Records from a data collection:
• • •
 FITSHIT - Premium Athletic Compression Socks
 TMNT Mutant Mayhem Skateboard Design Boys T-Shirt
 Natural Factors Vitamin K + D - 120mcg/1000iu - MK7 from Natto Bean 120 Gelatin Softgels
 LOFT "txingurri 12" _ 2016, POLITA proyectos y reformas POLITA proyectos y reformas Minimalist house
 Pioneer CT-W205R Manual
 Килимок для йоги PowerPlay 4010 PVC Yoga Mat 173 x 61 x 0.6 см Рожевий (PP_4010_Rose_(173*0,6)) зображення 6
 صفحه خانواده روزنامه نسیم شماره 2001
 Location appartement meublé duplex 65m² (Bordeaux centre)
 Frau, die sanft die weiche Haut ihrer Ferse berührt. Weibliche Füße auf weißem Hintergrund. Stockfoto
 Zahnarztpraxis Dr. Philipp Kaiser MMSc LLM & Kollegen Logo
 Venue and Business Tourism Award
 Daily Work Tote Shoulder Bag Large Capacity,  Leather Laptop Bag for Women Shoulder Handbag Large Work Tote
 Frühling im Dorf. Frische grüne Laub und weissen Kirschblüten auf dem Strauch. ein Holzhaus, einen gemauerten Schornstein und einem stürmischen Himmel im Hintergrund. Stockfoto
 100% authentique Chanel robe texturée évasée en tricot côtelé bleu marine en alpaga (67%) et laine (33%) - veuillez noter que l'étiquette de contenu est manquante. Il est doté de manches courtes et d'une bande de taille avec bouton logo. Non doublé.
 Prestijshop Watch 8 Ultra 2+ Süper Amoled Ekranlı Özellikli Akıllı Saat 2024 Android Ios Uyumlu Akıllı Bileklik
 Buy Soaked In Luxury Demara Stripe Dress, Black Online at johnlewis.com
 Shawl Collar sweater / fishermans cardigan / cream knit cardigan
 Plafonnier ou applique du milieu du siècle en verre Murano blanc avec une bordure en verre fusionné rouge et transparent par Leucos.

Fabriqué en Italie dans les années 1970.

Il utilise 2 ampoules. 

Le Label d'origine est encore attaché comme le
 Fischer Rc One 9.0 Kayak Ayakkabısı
• • •
## [What to do]
The answer is to be the lines from the one holding "Il utilise 2 ampoules." through the end of the data above, transcribed character for character, both ends included.

## [Result]
Il utilise 2 ampoules. 

Le Label d'origine est encore attaché comme le
 Fischer Rc One 9.0 Kayak Ayakkabısı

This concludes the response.